If you haven’t accepted your financial aid loan yet, you have until Nov. 22 until it is cancelled.
But if you have accepted a loan, signed a promissory note, completed loan counseling and received a check, you are fine.
The Financial Aid Office is canceling unaccepted loans because a loan fee increase will take place Dec. 1, Director of Financial Aid Lois Kelly said. The cancellation deadline for the office is Nov. 22.
The office sent emails to more than 3,000 students notifying them of the cancellation, she said.
“We, right now, have thousands of students who have done nothing with their loans,” Kelly said.
Students who received the email fall into one of three situations. They could have been offered the loan but did nothing further. They also could have been offered the loan and accepted but didn’t sign the loan promissory note or do the loan entrance counseling and then have no money disbursed against their account. Lastly, they could have accepted the loan, resolved everything and have money disbursed against the account.
If you already received a check for your loan, the increased fee will not affect you. However, if you ask the office to reinstate the loan on your behalf after Dec 1., the higher fee will take effect.
The fee increase relates to the sequestration activities that went into effect on March 1 of this year as a way to help balance the budget, Kelly said. The automatic increase affects federal student and parent loans.
Kelly said the amount of the fee change is “modest.” The current Stafford loan fee is 1.051 percent, but will rise to 1.072 percent. The current Direct Parent PLUS loan fee is 4.204 percent but will rise to 4.288 percent.
This means a student borrowing $5,500 after Dec. 1 will have $1.16 less to use towards whatever they are borrowing the money for compared to those who borrowed that amount earlier, Kelly said.
The fee’s purpose is to offset the cost of processing the loan.
“The fee is not retained by Cal Poly,” Kelly said. “We receive no money for processing the loan, but that fee is retained by the U.S. Department of Education to help offset the overall processing cost.”
Kelly said the office has received numerous calls from students saying they don’t intend to use the loan they were offered. Also, the numbers of students borrowing money this year is very similar to last year, she said, leading the office to conclude cancellation is for the best.
“We determined that it was a wiser use of time and activity to just go ahead and cancel the loans and not re-offer them,” she said.
If students decide they want the money, Kelly said they do not have to reapply, as long as they haven’t changed their eligibility. They just have to let the office know, and the office will re-offer the loan.
Because a loan is incurring a personal debt, Kelly said students should consider their financial situations before deciding to take out a loan.

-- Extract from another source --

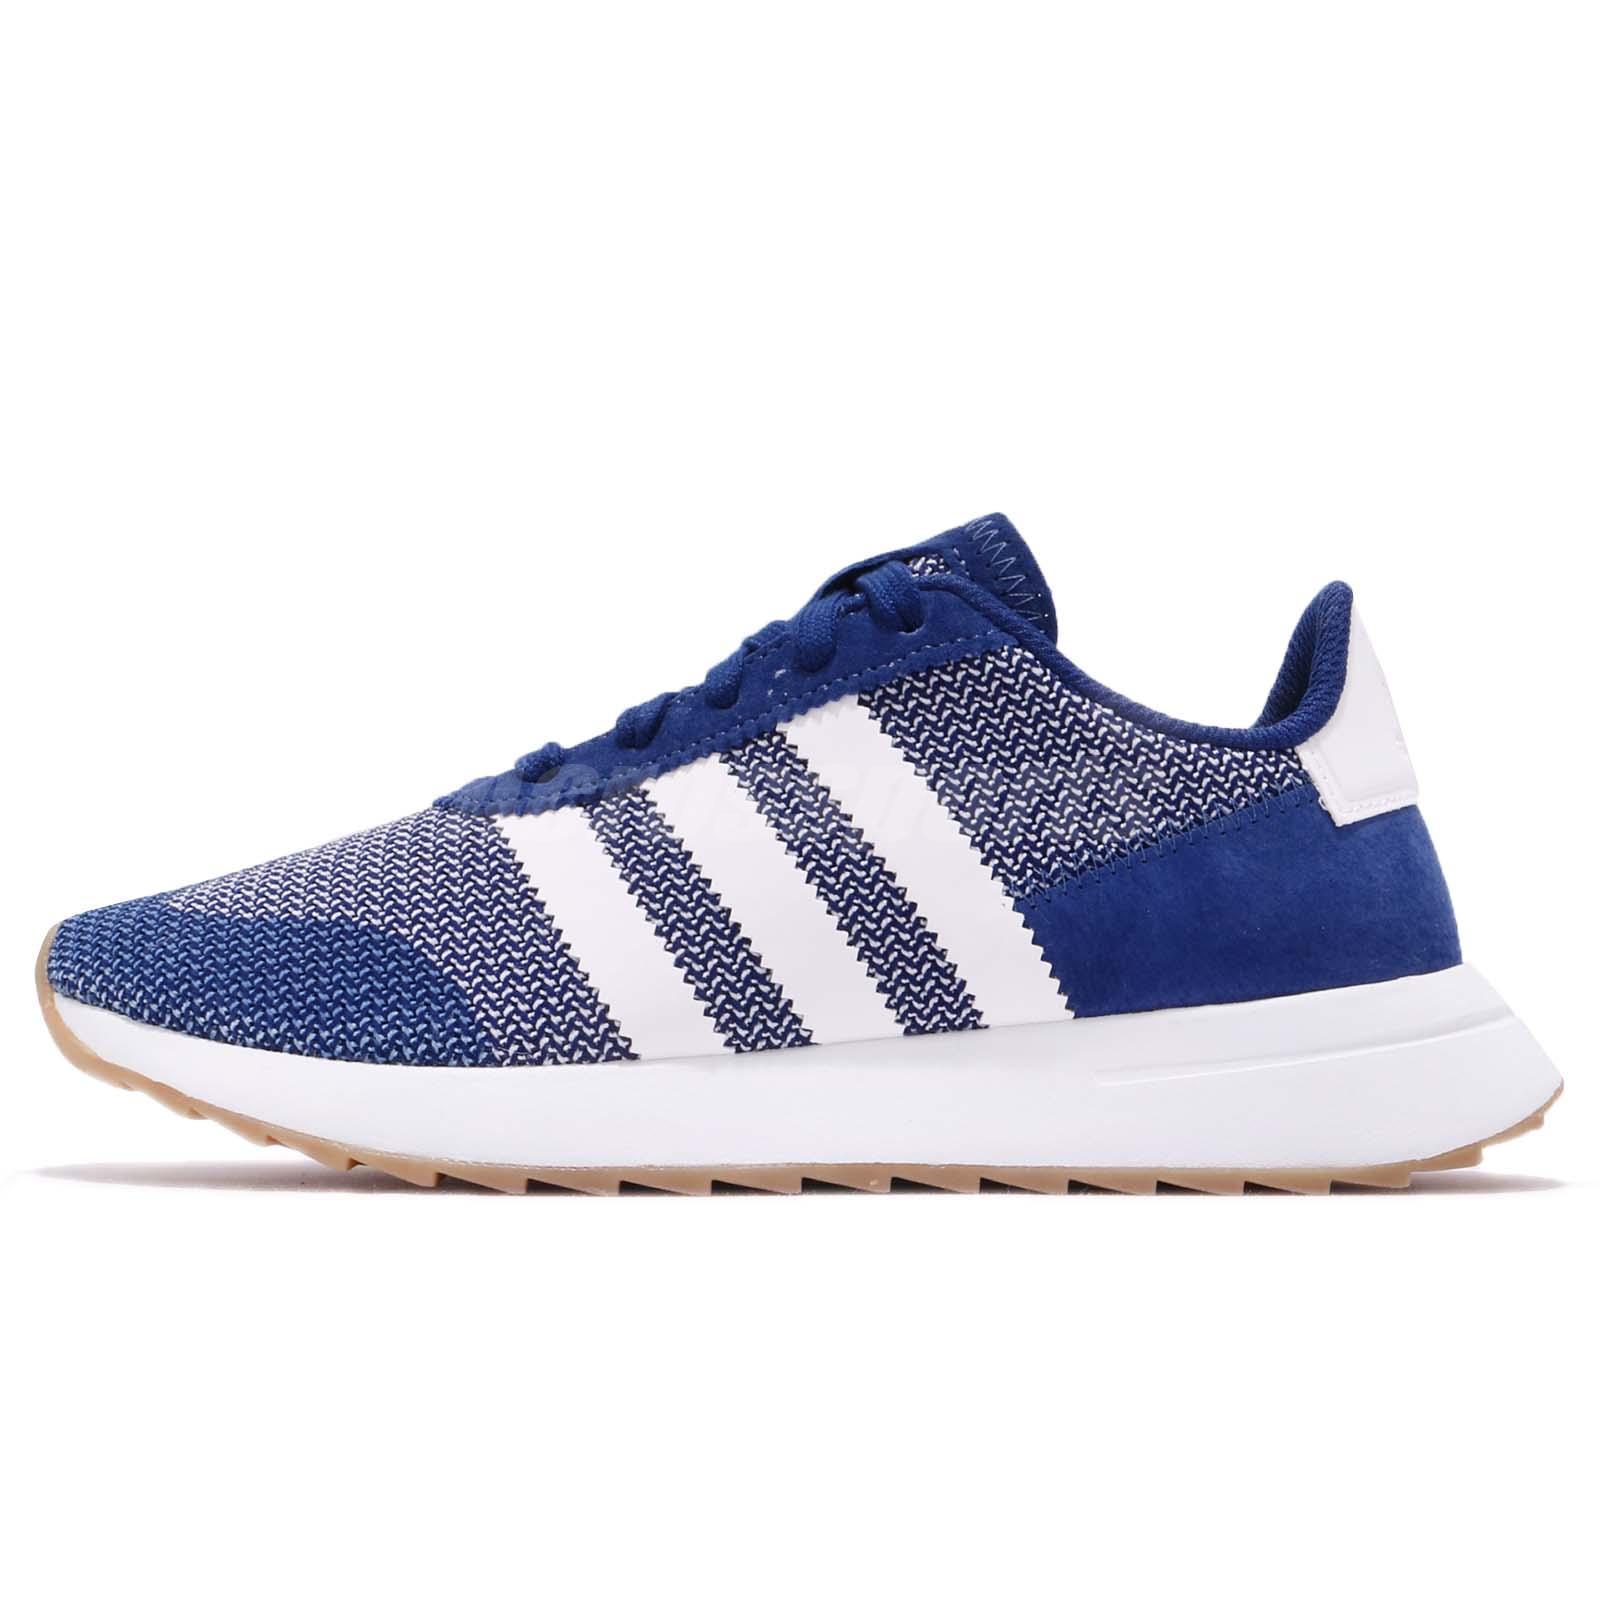 premium selection 6bc8d 157ac adidas Originals FLB Runner W Blue White Gum Women Running Shoes Sneakers  DB2117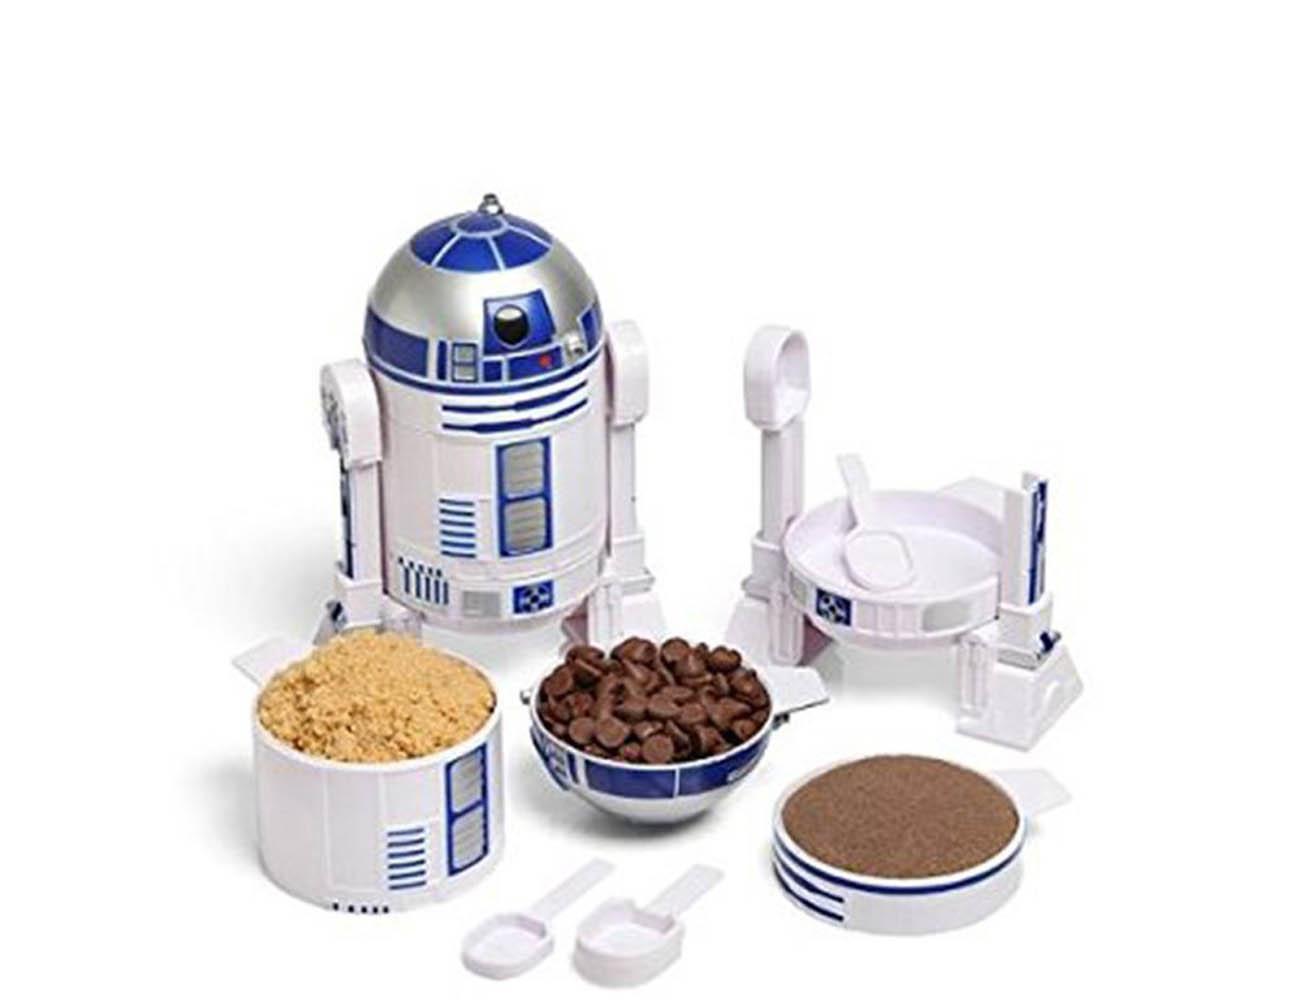 Star Wars Measuring Cup Set

“This is not a huge loan fee increase, and so it’s more prudent that the student evaluate his or her financial situation before they just jump in and take a loan,” Kelly said.
To accept a loan offer, students should go to their My Cal Poly Portal and click on the “Money Matters” tab and click “Accept My Financial Aid.” If you have never taken a loan out before, sign the promissory note, which is valid for 10 years. Then go to studentloans.gov and complete the Entrance Counseling. It takes between 15 and 30 minutes to read through the loan requirements and loan responsibilities and answer a few questions to make sure you understood them, Kelly said. Then, typically within 48 and 72 hours, the loan funds and goes against their student account, she said.
The office pays a third of the loan in the fall, a third of it in the winter and a third of it in the spring. And if that’s all done before the cancellation date (Nov. 22), then the lesser loan fee will apply.